¹ From the Unilever Food and Health Research Institute, Vlaardingen, Netherlands

² Address reprint requests to P Verhoef, Unilever Food and Health Research Institute, Olivier van Noortlaan 120, 3133 AT Vlaardingen, Netherlands. E-mail: petra.verhoef{at}unilever.com.

See corresponding article on page 1598.

INTRODUCTION

Halfway through the past century, experiments in humans showed that a high dietary intake of saturated fat increased blood concentrations of cholesterol, which was later proven to be a key risk factor for cardiovascular disease (CVD). In the 1960s, the first epidemiologic studies pointed to another potential risk factor for CVD: high serum concentrations of total homocysteine (tHcy), a sulfur-containing amino acid derived from methionine. Epidemiologic data accumulated rapidly, and homocysteine became notorious as "the cholesterol of the 1990s." Now—as if it were a self-fulfilling prophecy—high saturated fat intake may also be associated with higher tHcy concentrations, according to data from the Hordaland Homocysteine Study, as reported by Berstad et al in this issue of the Journal (1). In that cross-sectional, population-based study of 5917 subjects in 2 age groups (47–49 and 71–74 y old), a 12–15-g higher intake of saturated fat was associated with 6% higher tHcy concentrations, after adjustment for sex, age group, energy intake, daily smoking, coffee drinking, and folate intake. This association is of the same magnitude as the association that can be predicted between saturated fat intake and LDL cholesterol by using the formula provided by Mensink et al (2). Furthermore, the authors found that the intake of marine very-long-chain (VLC) n–3 fatty acids (FAs) was inversely associated with serum concentrations of tHcy.
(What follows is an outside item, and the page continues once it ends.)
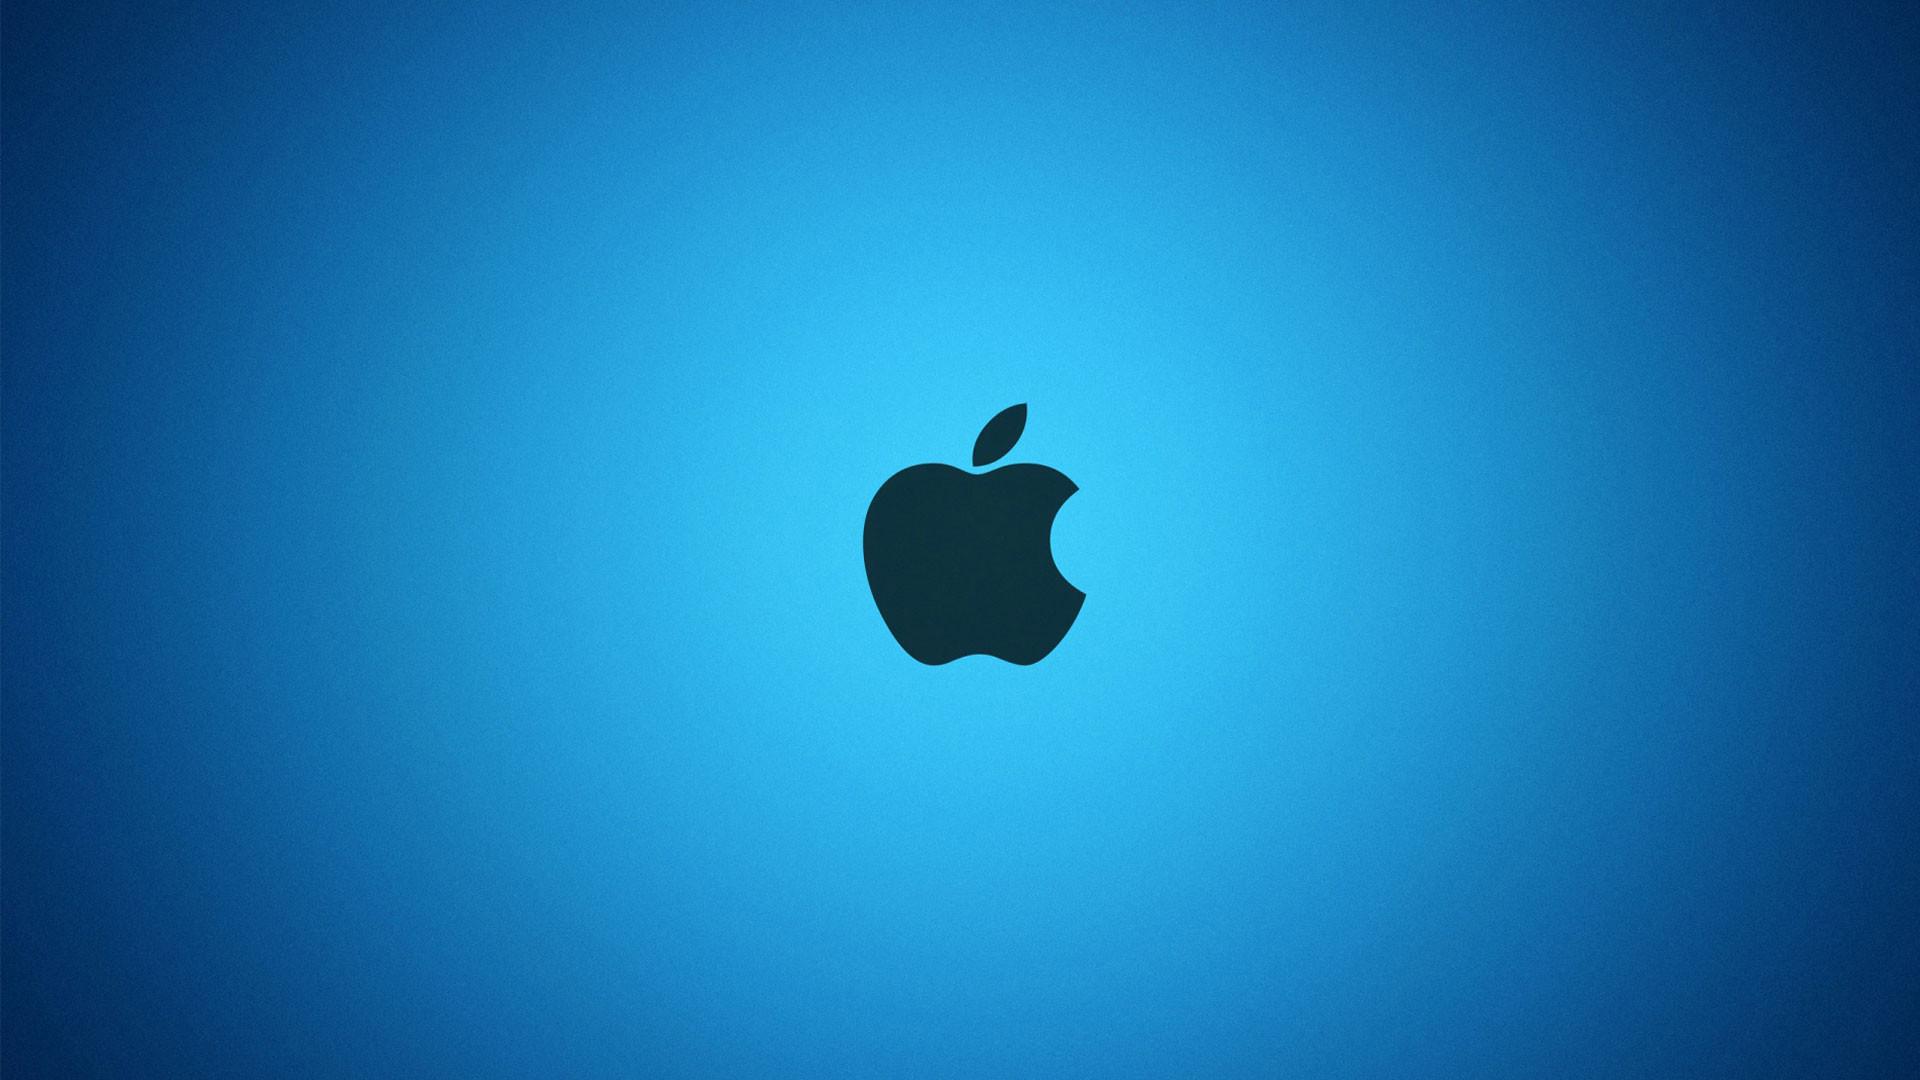 hd pics photos best black apple logo in blue background stunning hd quality  desktop background wallpaper

These data are intriguing, but they raise several questions. Were the analyses sufficiently adjusted for potential confounding factors that are linked to both fat intake and tHcy concentrations? Are these findings supported by data from dietary intervention studies? What mechanisms could explain the observed associations? And last (but not least), is the notorious reputation of tHcy as a mediator of multiple phenomena still justified?

Berstad et al showed that tHcy appears to be a good marker of "adherence to dietary guidelines": subjects using vegetable oils, drinking low-fat or skimmed milk, avoiding cream, and taking fish-oil supplements had lower tHcy concentrations. These subjects are very likely also to have adhered to guidelines for the intakes of fruit and vegetables (3). The latter are good sources of folate, which is known to lower tHcy. Hence, initial positive associations between fat intake and tHcy were weakened or were no longer significant after adjustment for the intakes of vegetables and fruit or B vitamins.

Insufficient control for confounding is a worry with respect to every study of associations between diet and disease. No matter how thoroughly it may be done, adding confounding variables to a regression model is no guarantee for unbiased data, simply because certain confounding factors either are not measured or are imperfectly measured. On the other hand, observed associations may also reflect true underlying relations. For example, in the same Norwegian study population that Berstad et al used, a strong positive association between the consumption of filtered coffee and tHcy concentrations (4) was confirmed by several later experiments (5).

As reviewed by Berstad et al, the inverse association of VLC n–3 FA intake with tHcy concentrations is backed up by data from some but not all intervention studies. Results of an intervention study conducted by Appel et al (6) provide limited evidence for a link between saturated fat intake and tHcy. In that study, 118 participants started with a 3-wk control diet low in fruit and vegetables and high or normal in dairy products, including a saturated fat content that was typical of US consumption. During an 8-wk intervention phase, the participants were then fed 1 of 3 randomly assigned diets: the control diet, a diet rich in fruit and vegetables but otherwise similar to the control diet, or a diet rich in fruit, vegetables, and low-fat dairy products and low in saturated and total fats. The third diet led to a reduction in tHcy concentrations, whereas the diet rich in fruit and vegetables but still high in saturated fats did not.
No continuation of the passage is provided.